Linke-Chefin Gesine Lötzsch forderte die Rücknahme aller Sozialkürzungen. Nicht die Verursacher der Finanzkrise würden zur Kasse gebeten, sondern die normalen Menschen. Lötzsch warf der Koalition vor, den Interessen der Wirtschaft nachzugeben: "Diese Regierung wird immer mehr von Lobbyisten gesteuert."
Ähnlich äußerte sich Alexander Bonde von den Grünen: "Bei jedem einzelnen Husten eines Konzernchefs gerät die schwarz-gelbe Konsolidiererfront ins Wanken." Aber Millionen von Schwachen seien der Koalition egal. Chancen zum Subventionsabbau würden nicht genutzt. Die Politik tanze nach der "Pfeife von Monopolisten".
"Von der Pharmalobby abgeschrieben"
Das warf SPD-Gesundheitsexperte Karl Lauterbach der Koalition auch in der Debatte um die Gesundheitspolitik vor. Vorschläge der Pharmalobby und von Privatkassen würden "nicht nur übernommen, sondern abgeschrieben", so Lauterbach. Hintergrund ist, dass künftig das Gesundheitsministerium die Kriterien für die Bewertung neuer Mittel festlegen soll. Das hatte auch die Pharmabranche gewollt. Zunächst sollten die Vorgaben für die Bewertung von einem unabhängigen Gremium gemacht werden.
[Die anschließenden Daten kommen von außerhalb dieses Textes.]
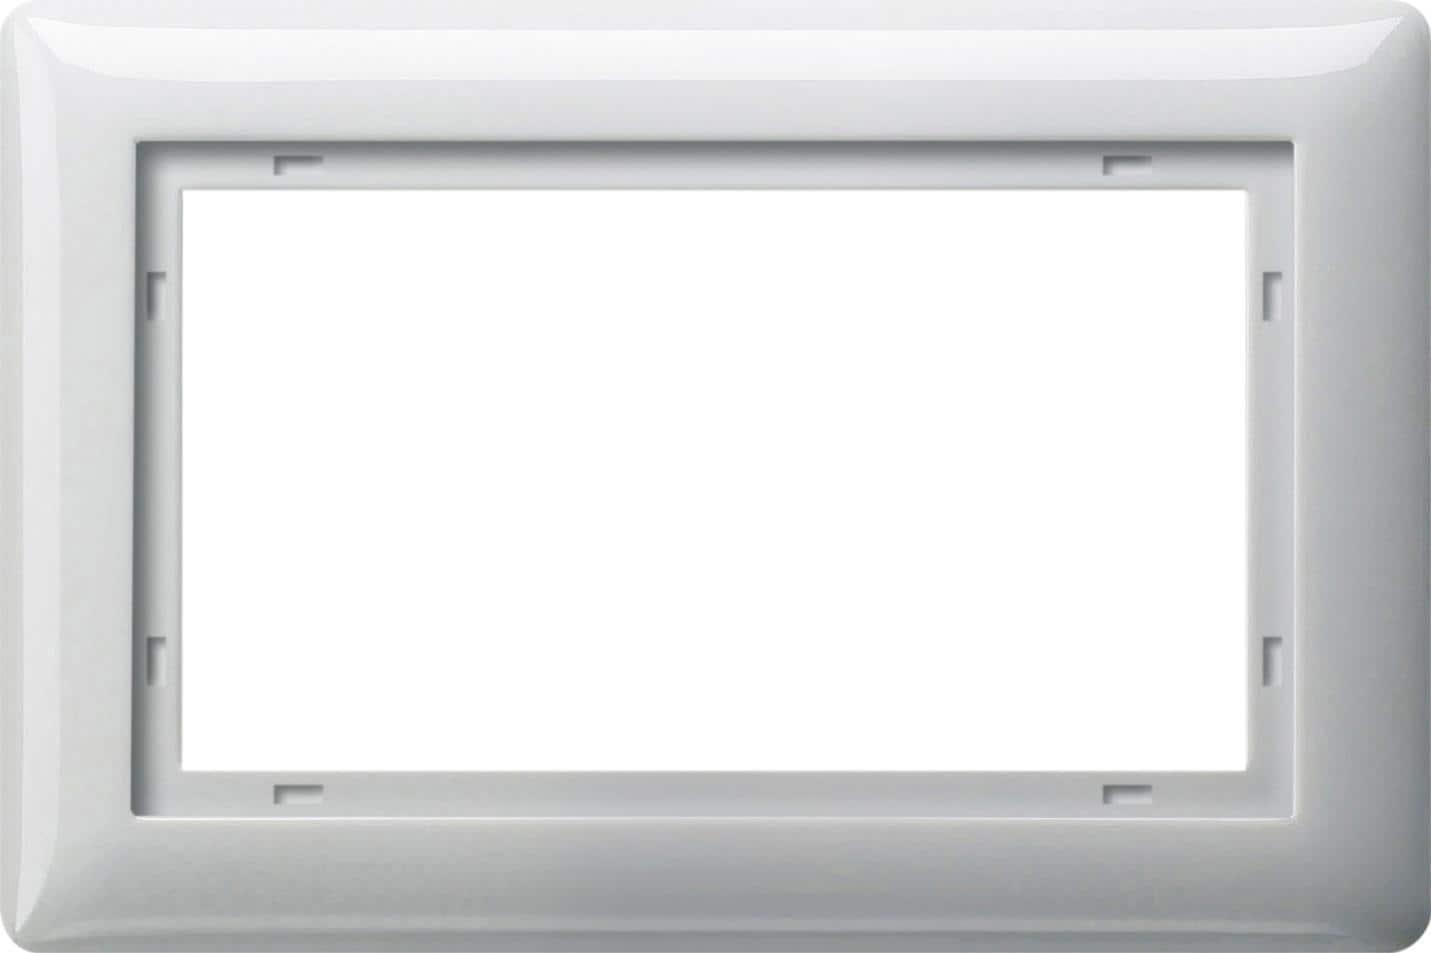 Dremel Multifunktionswerkzeug Zubehör 953 3 X 6.4mm Schleifen Stein Multipackung
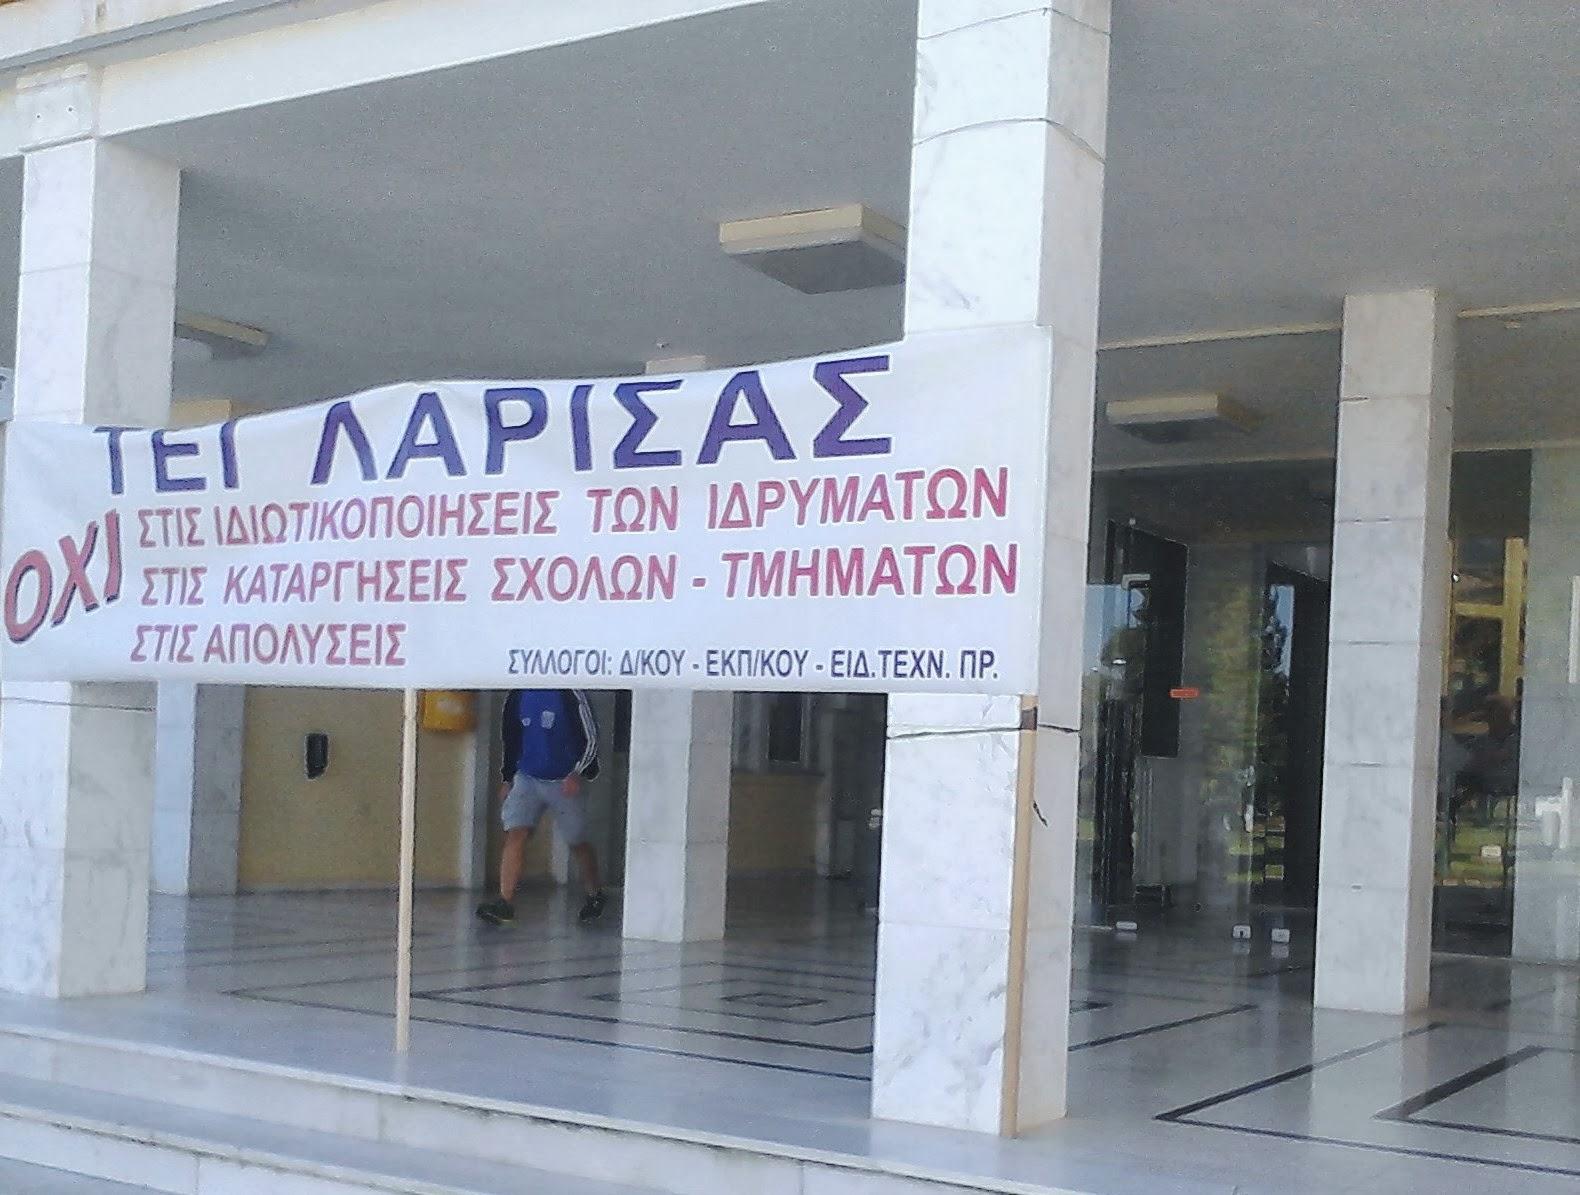 ΤΕΙ Θεσσαλίας » Απεργιακή ενημέρωση

CDU-Experte Jens Spahn sagte, Schwarz-Gelb mache "das härteste Sparpaket in der Geschichte der Bundesrepublik". Privat und gesetzlich Versicherte profitierten gleichermaßen von Schwarz-Gelb.
"Marionetten der Atomkonzerne"
In der Debatte um den Umweltetat warf die Opposition der Bundesregierung ebenfalls vor, Lobby-Politik zu betreiben. "Das ist quasi ein Kaufvertrag für längere Laufzeiten", sagte der SPD-Umweltpolitiker Matthias Miersch über den Vertrag mit den Energiekonzernen. Der Grünen-Abgeordnete Sven-Christian Kindler sagte, diese Regierung sei ein "Marionetten-Kabinett der Atomkonzerne". Er unterstrich, dass die Ökoenergie-Branche das Konzept als Katastrophe bewerte. "Sie sind ein eiskalter Atompolitiker", sagte Kindler zu Umweltminister Norbert Röttgen.
Dieser verteidigte das Energiekonzept der Regierung als "weltweit einmalig". Auch dank der Einnahmen aus längeren Atomlaufzeiten würden künftig drei Milliarden Euro pro Jahr in den Ausbau der Öko-Energien fließen, sagte Röttgen im Bundestag.
Öko-Ausgaben absetzbar
Die Energiekonzerne kommen bei der Vereinbarung mit der Regierung besser weg als bisher bekannt. Das Bundesfinanzministerium bestätigte in einer Sondersitzung des Wirtschaftsausschusses, dass neben der bis 2016 befristeten Atomsteuer auch die Ausgaben für den Öko-Energiefonds von der Steuer absetzbar sind.